A handful of French businessmen got together in Sharjah 25 years ago as part of their strategic planning to expand the reach of French businesses in the Emirates.
This informal gathering sowed the seeds of a group known as the French Business Council, which was formally founded about nine years later. The council has grown to about 500 members in Dubai and the Northern Emirates, representing both large corporations and small firms.
"It's now among the big business councils in the UAE," says Yolanda Pineda, the director of the French Business Council.
Ms Pineda came on board last year after working in the UAE for four years as a corporate communications director for a non-French firm.
Over the years, as many businesses in the UAE have undergone double-digit growth, the council has had to constantly reinvent itself in terms of proposing new activities and services to its members, especially for small to medium enterprises (SMEs) and new entrepreneurs.
It has introduced training sessions on management and market understanding, how to recruit talent in the UAE and understanding the cross-cultural business environment in the Emirates.
Designed for about 12 people, five sessions are held each quarter, with a new session offered every two weeks.
An initiative called "synergy" gathers small corporations every month and helps in the exchange of business ideas and practices by fostering dialogue.
Started two years ago, synergy was redesigned this year to include discussions on sub-specialities such as project management and financing. The sessions can include visits to factories and offices of bigger corporations, or presentations by experts.

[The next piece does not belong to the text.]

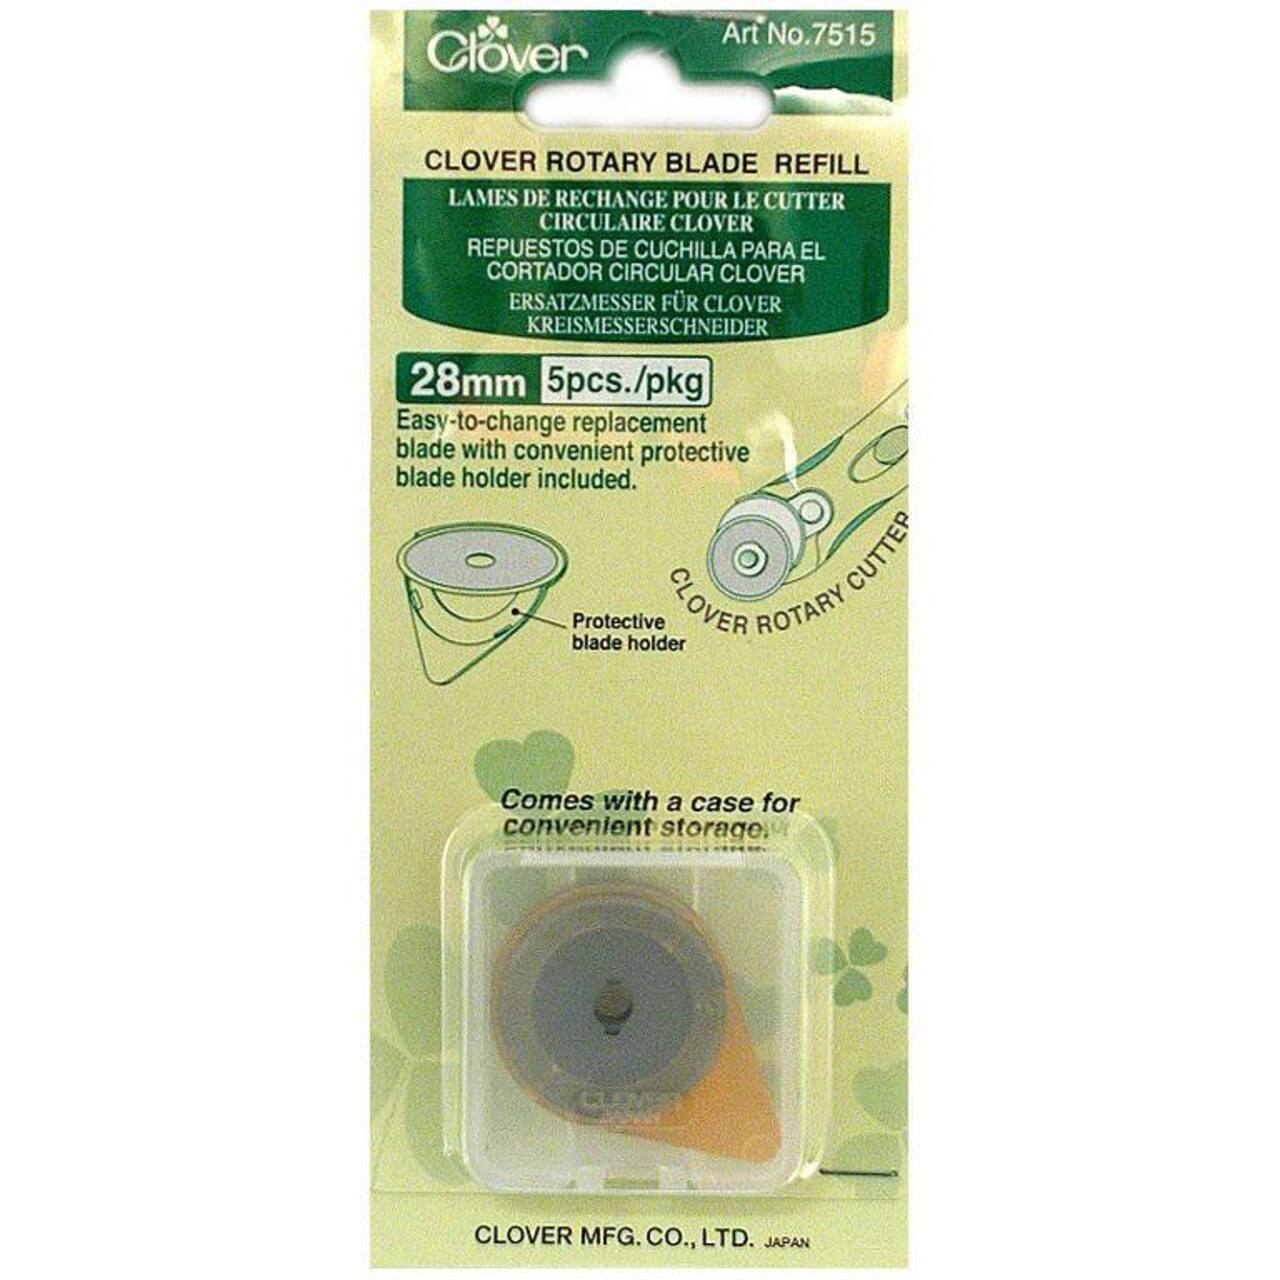 28mm Rotary Cutter Blades by Clover 5 pkg

Of the council's members, about 65 per cent are SMEs in sectors including event management, marketing, legal business and waste management.

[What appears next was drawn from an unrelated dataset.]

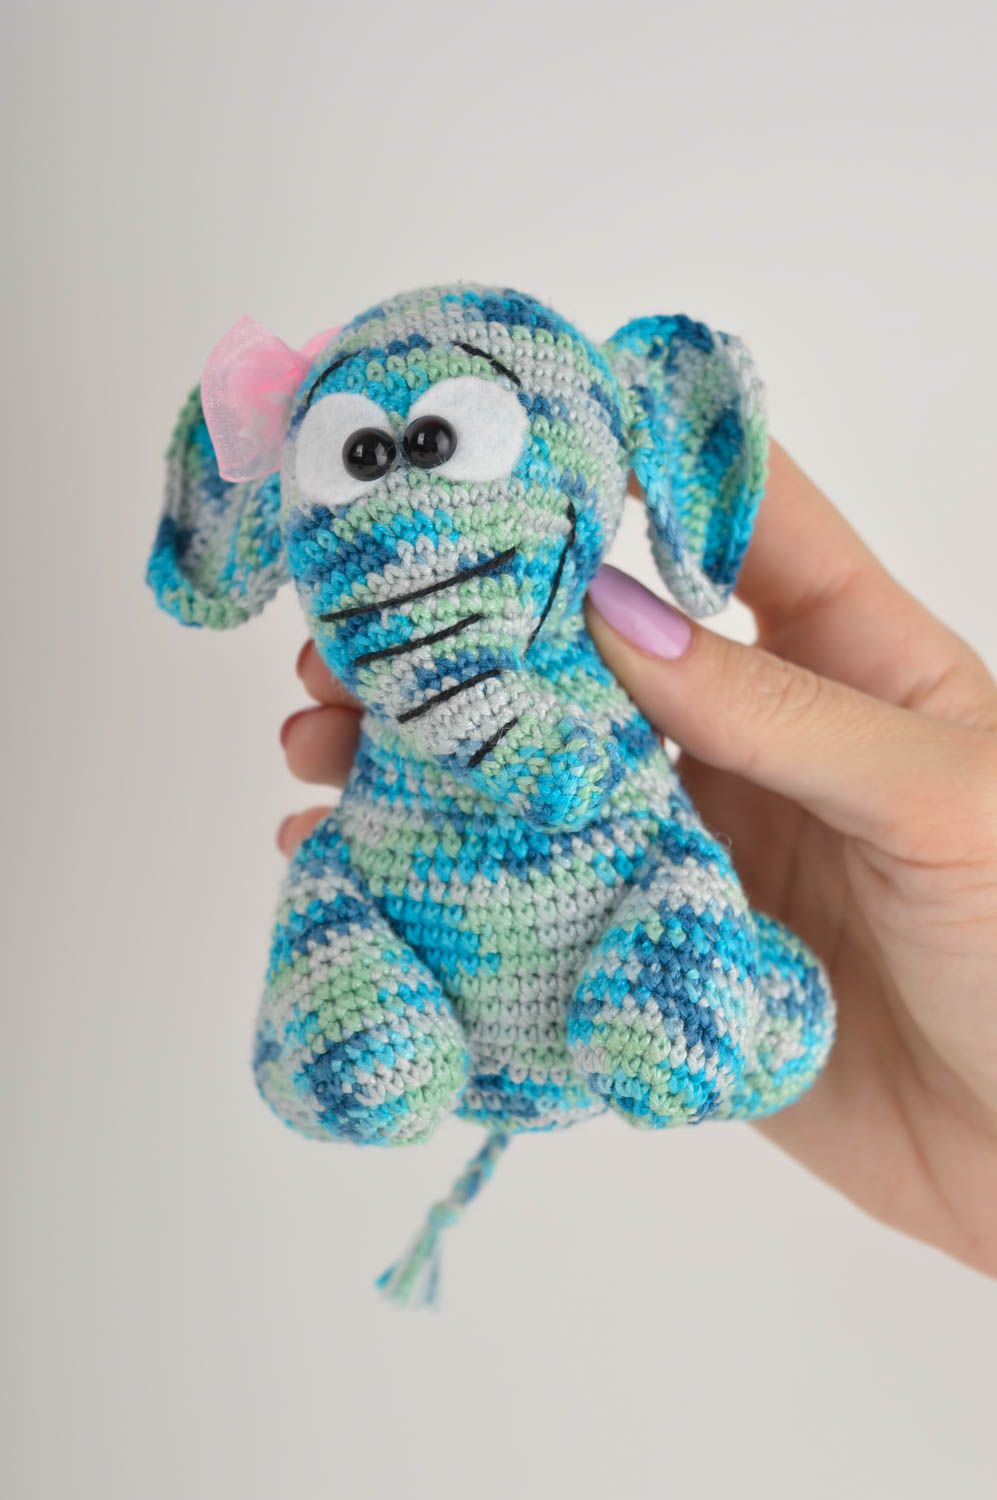 Knitted stuffed baby elephant toy in white and blue colors. 4 inches tall photo 5

Networking with businesspeople who have been in the UAE for a couple of years helps business owners understand how to open a company in the region as well as handle the legal aspects, and discuss local business development strategies, says Caroline Tasse, Vectuel's Middle East branch manager.
Her company built a virtual edition of Abu Dhabi's carbon neutral initiative Masdar City in 2010, 15 years before it is expected to be completed. Ms Tasse is also the vice president of the council.

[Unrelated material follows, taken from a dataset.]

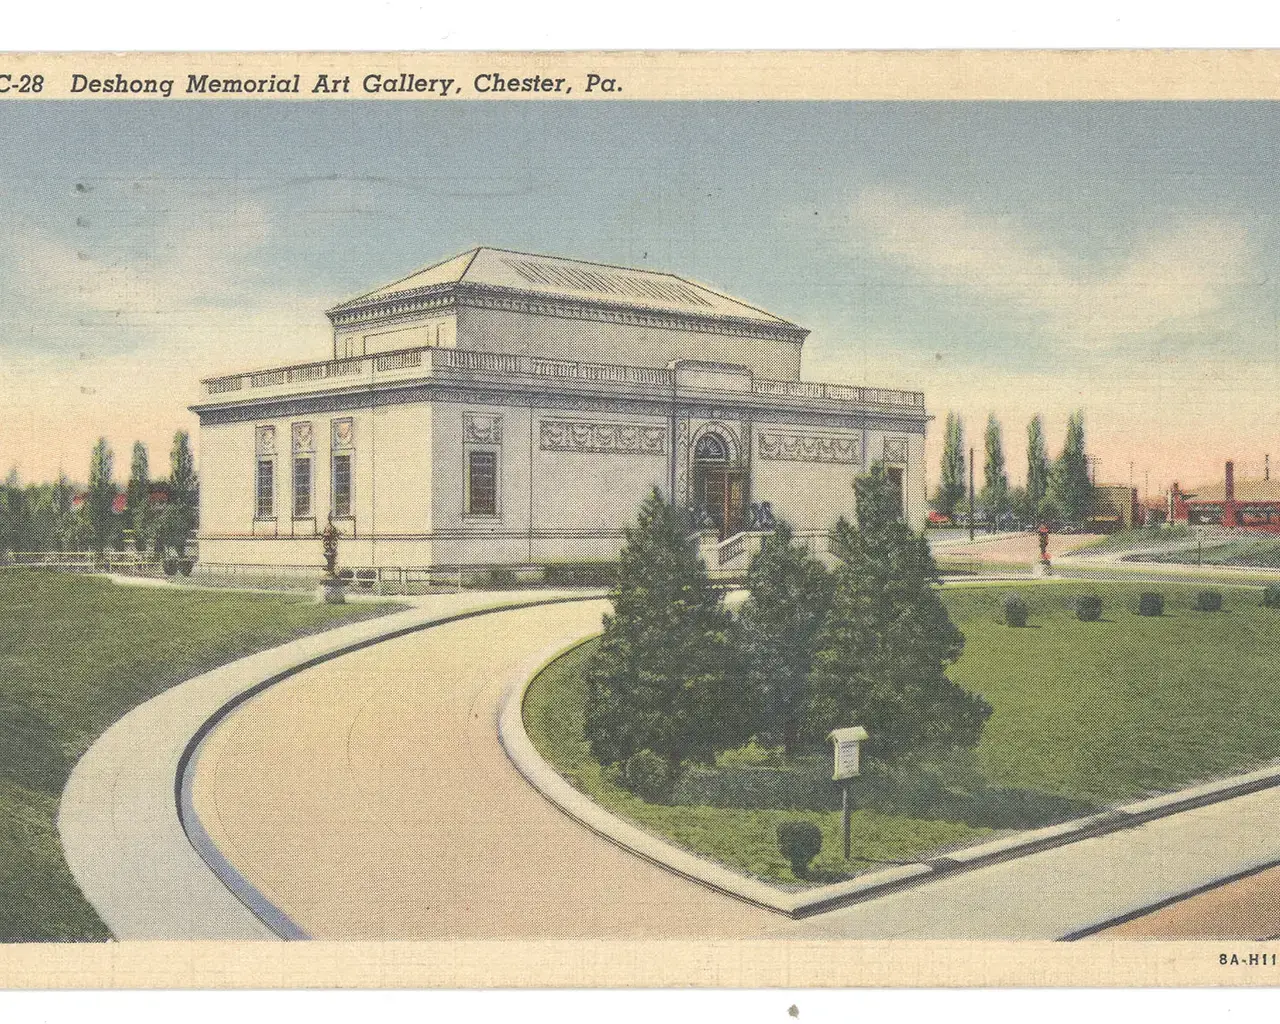 Historical postcard image of Deshong Museum. Photo courtesy of the Pennsylvania Humanities Council.

Another council programme, called "horizon", started in January and helps match member SMEs with business projects of bigger corporations that can be contracted to these smaller firms. So far, there have been 15 such matches, Ms Pineda says.
SMEs in sectors such as human resources consulting, interior design, management consulting and graphic design have benefited from the initiative.
Algeco, a global manufacturer of prefabricated modulated spaces, has an office in Dubai that employs about 150 people. It became a French Business Council member just over a year ago and has already benefited "dramatically" from the networking efforts of the council, which helped it expand in the GCC region, says Jim Muldoon, the company's general manager for the GCC region, who is based in Dubai. "However experienced you are in business, you always need somebody senior for support," Mr Muldoon says.
A recent increase in young French expatriate population, in particular, has led the council to hold networking opportunities such as "young professional French Tuesday", which is geared towards under-25s.
The idea is to counsel them on how to start planning for the future and investing in areas such as property or life insurance, among other issues.